[What you should do]
Word for word, please copy the listing below, with its pictures left out.

═══ Input data

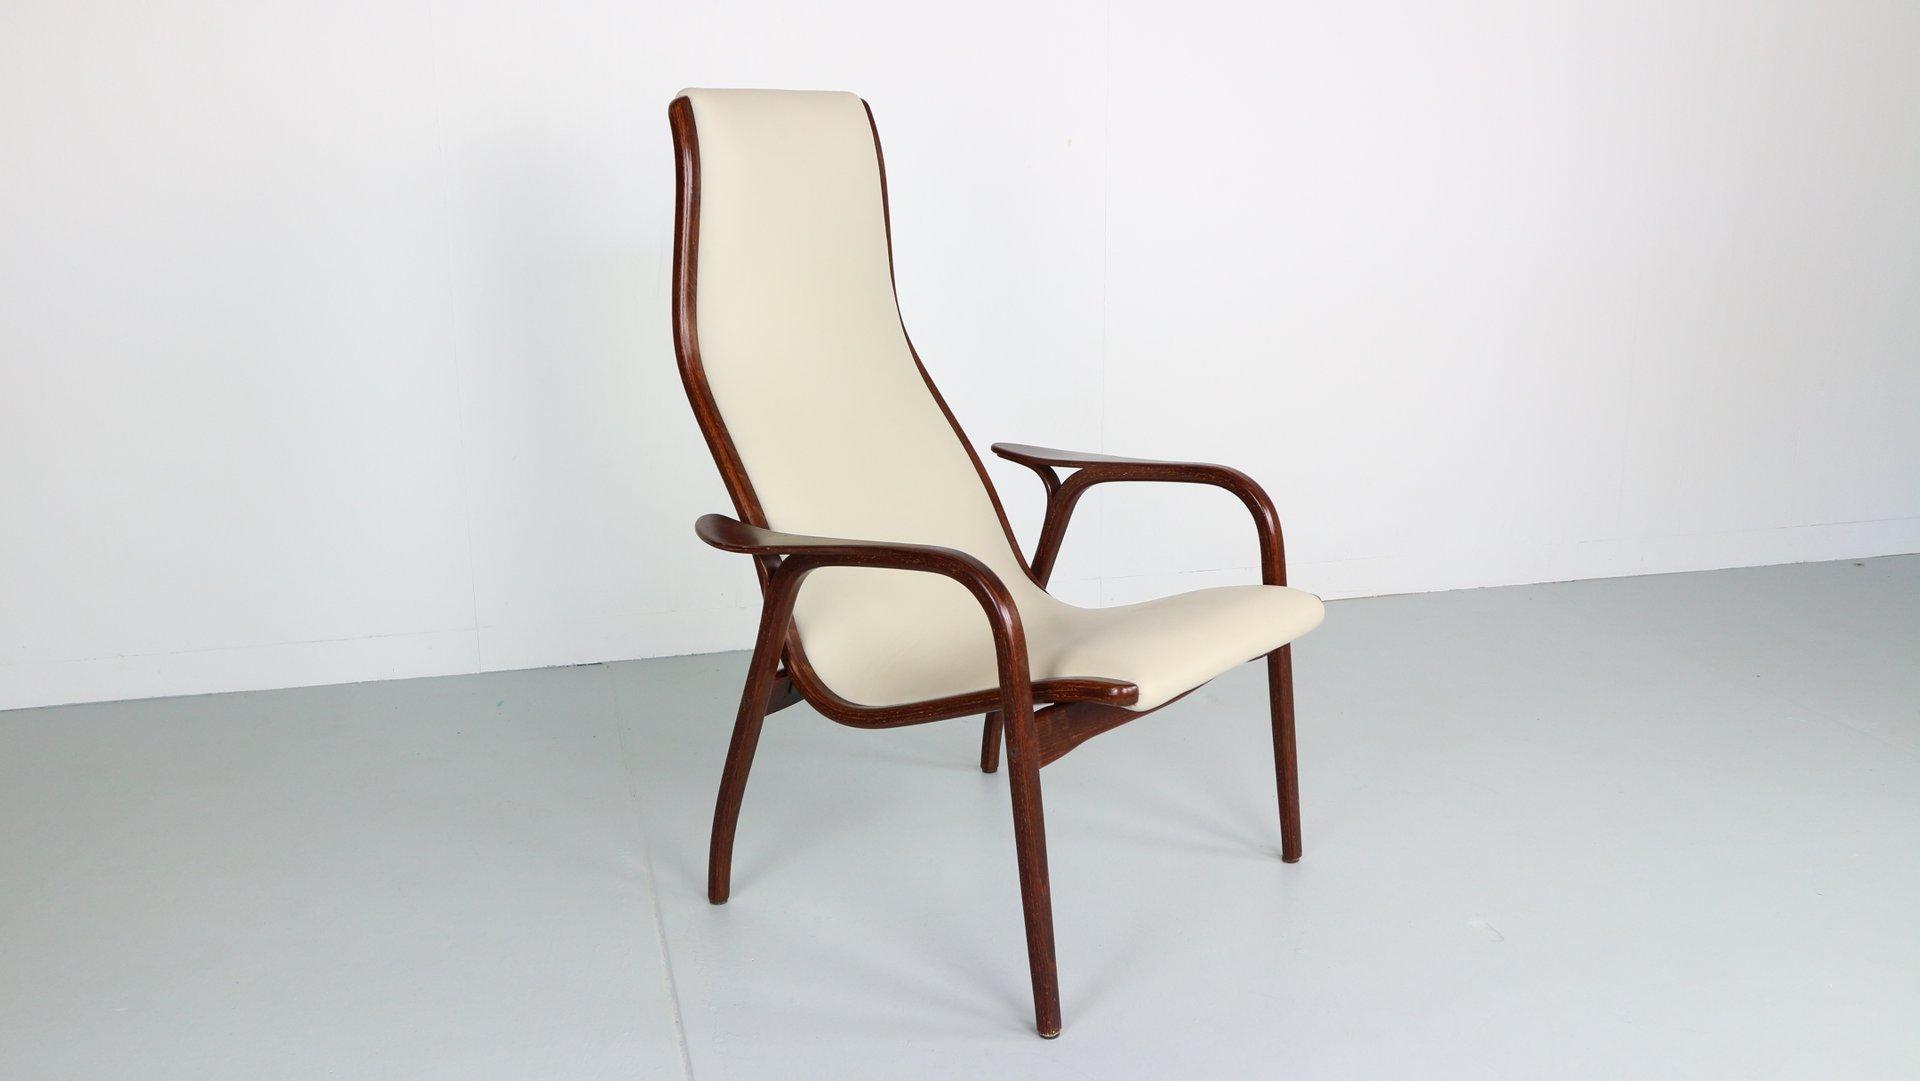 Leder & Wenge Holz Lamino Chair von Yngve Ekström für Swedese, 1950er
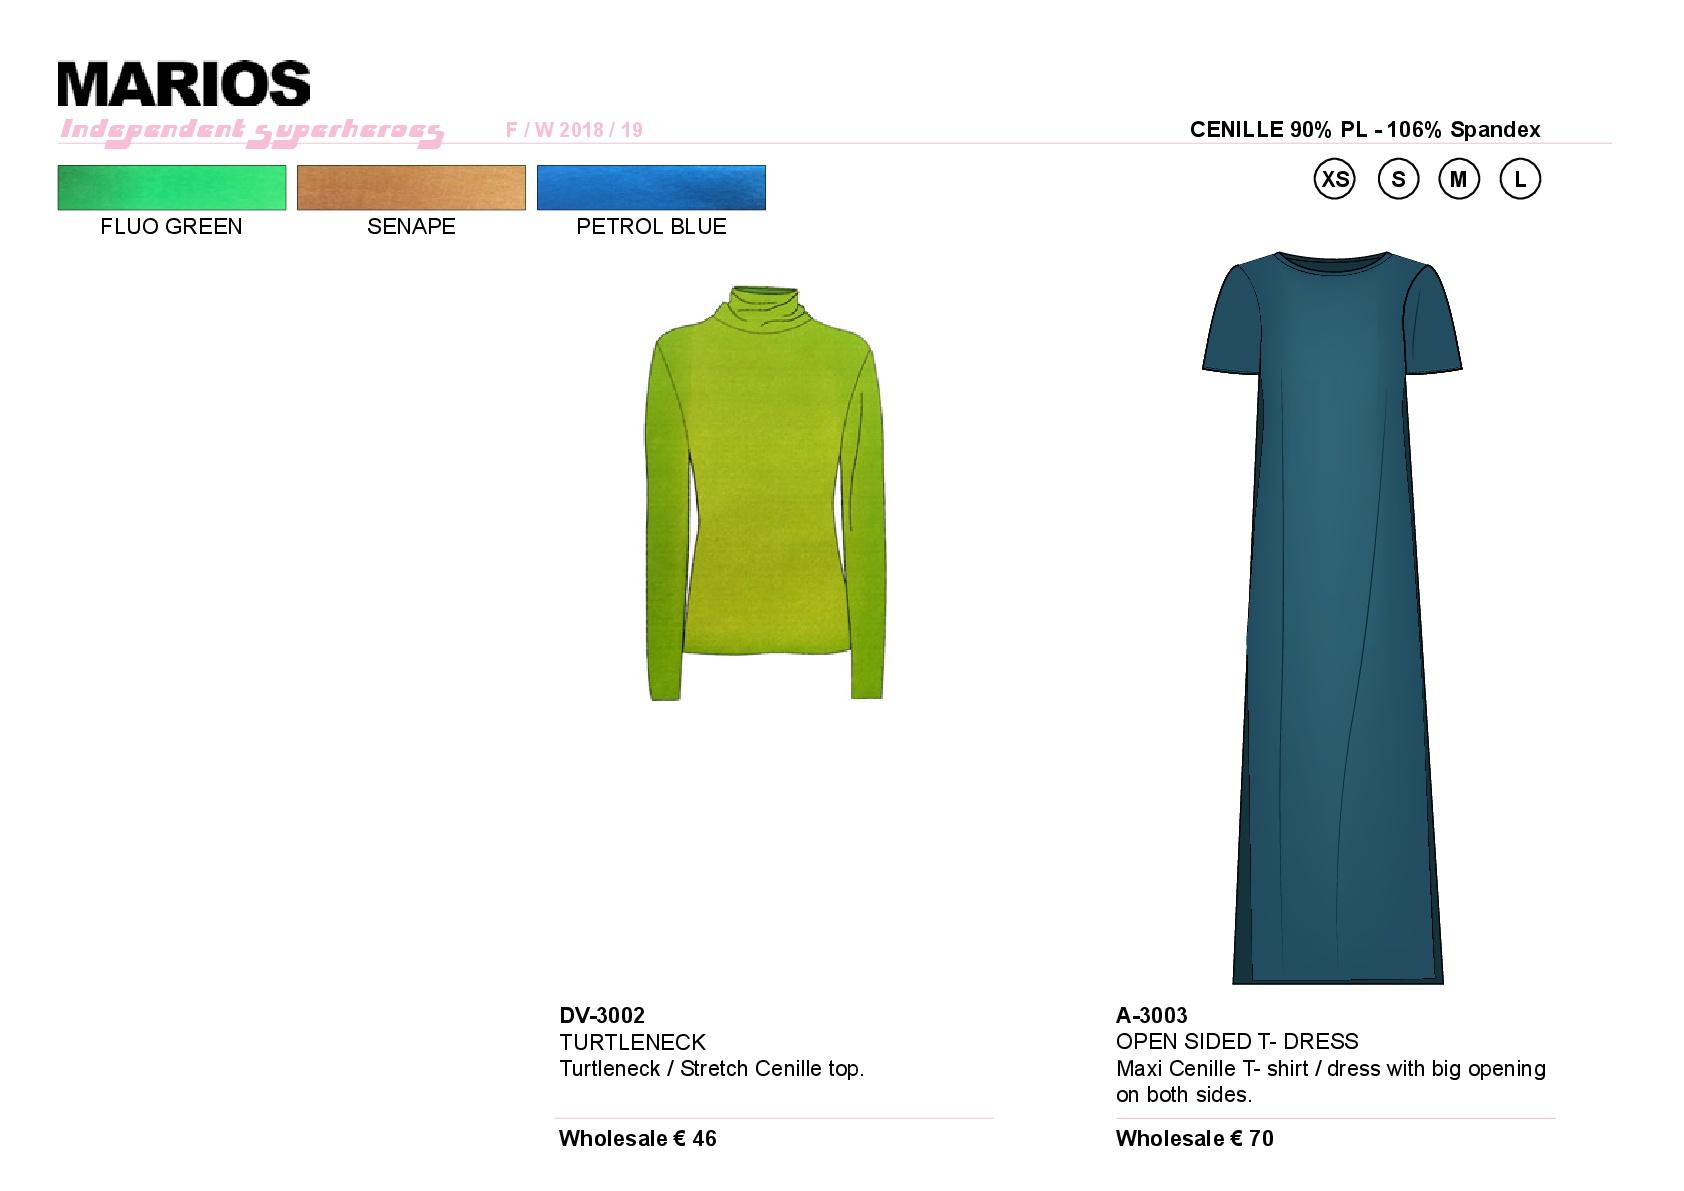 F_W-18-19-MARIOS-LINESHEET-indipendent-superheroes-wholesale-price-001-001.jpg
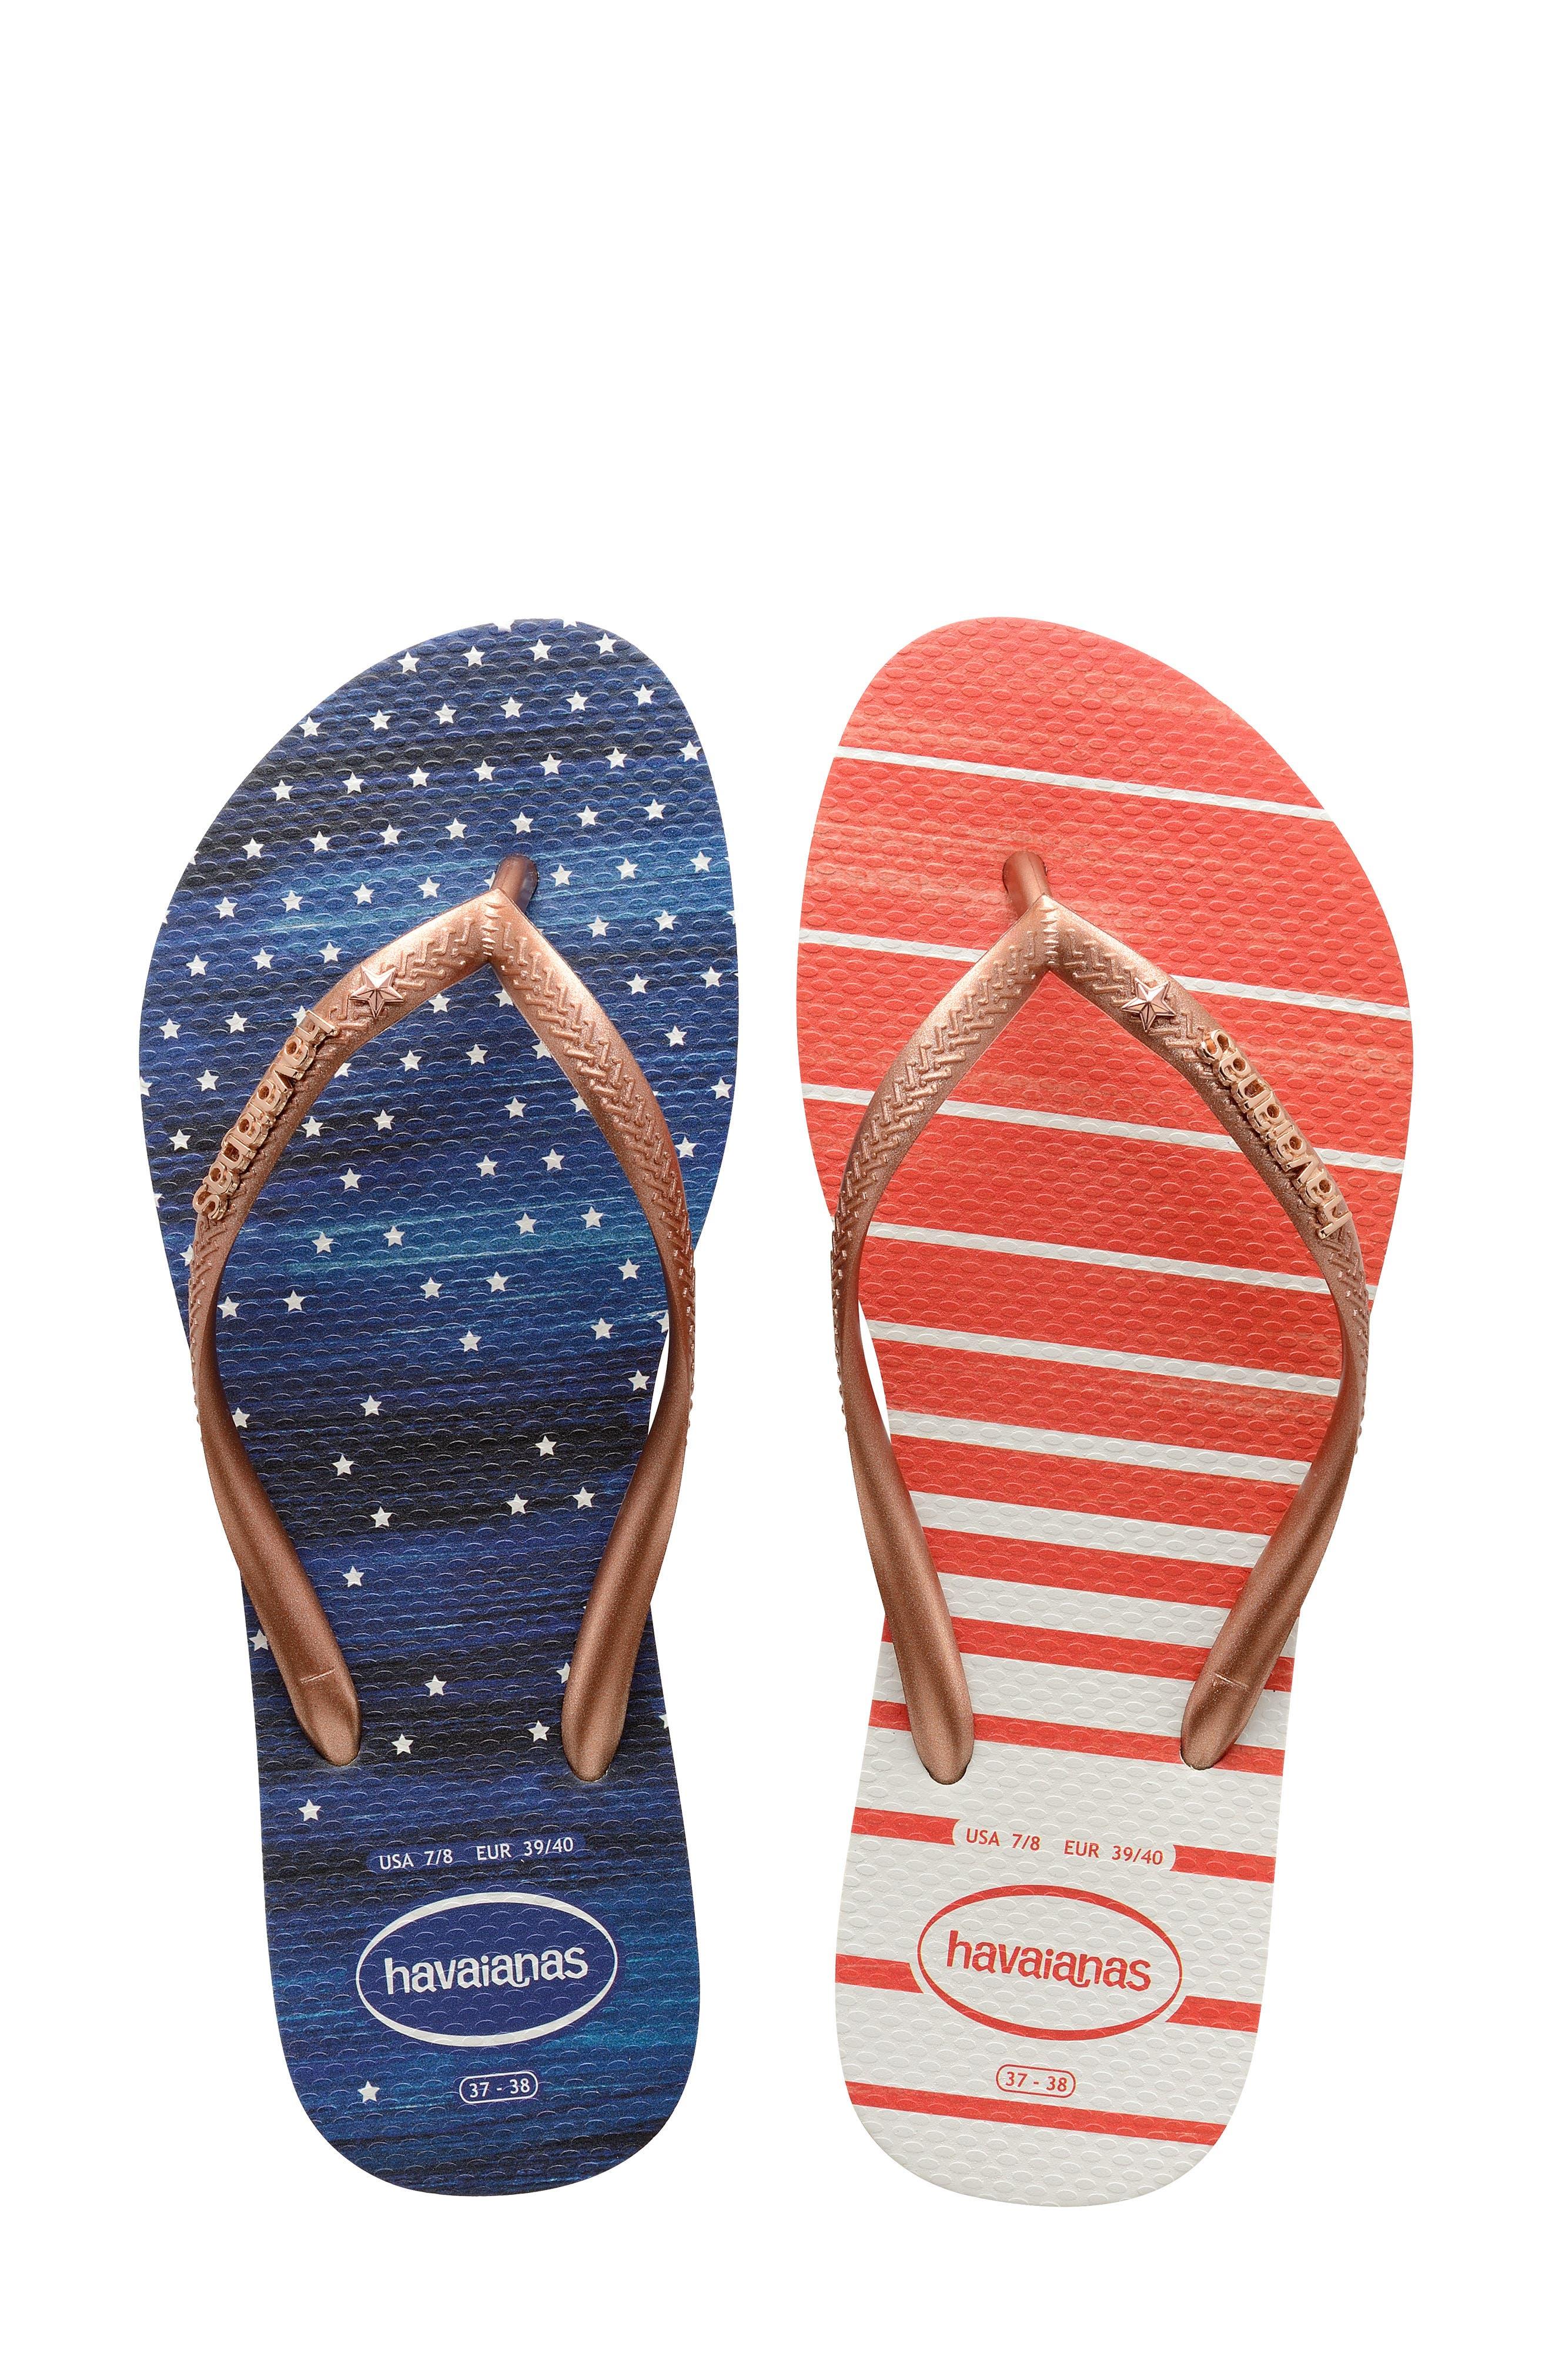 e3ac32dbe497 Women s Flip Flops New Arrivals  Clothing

══════

[Answer to this exercise]
 Leder & Wenge Holz Lamino Chair von Yngve Ekström für Swedese, 1950er
 F_W-18-19-MARIOS-LINESHEET-indipendent-superheroes-wholesale-price-001-001.jpg
 e3ac32dbe497 Women s Flip Flops New Arrivals  Clothing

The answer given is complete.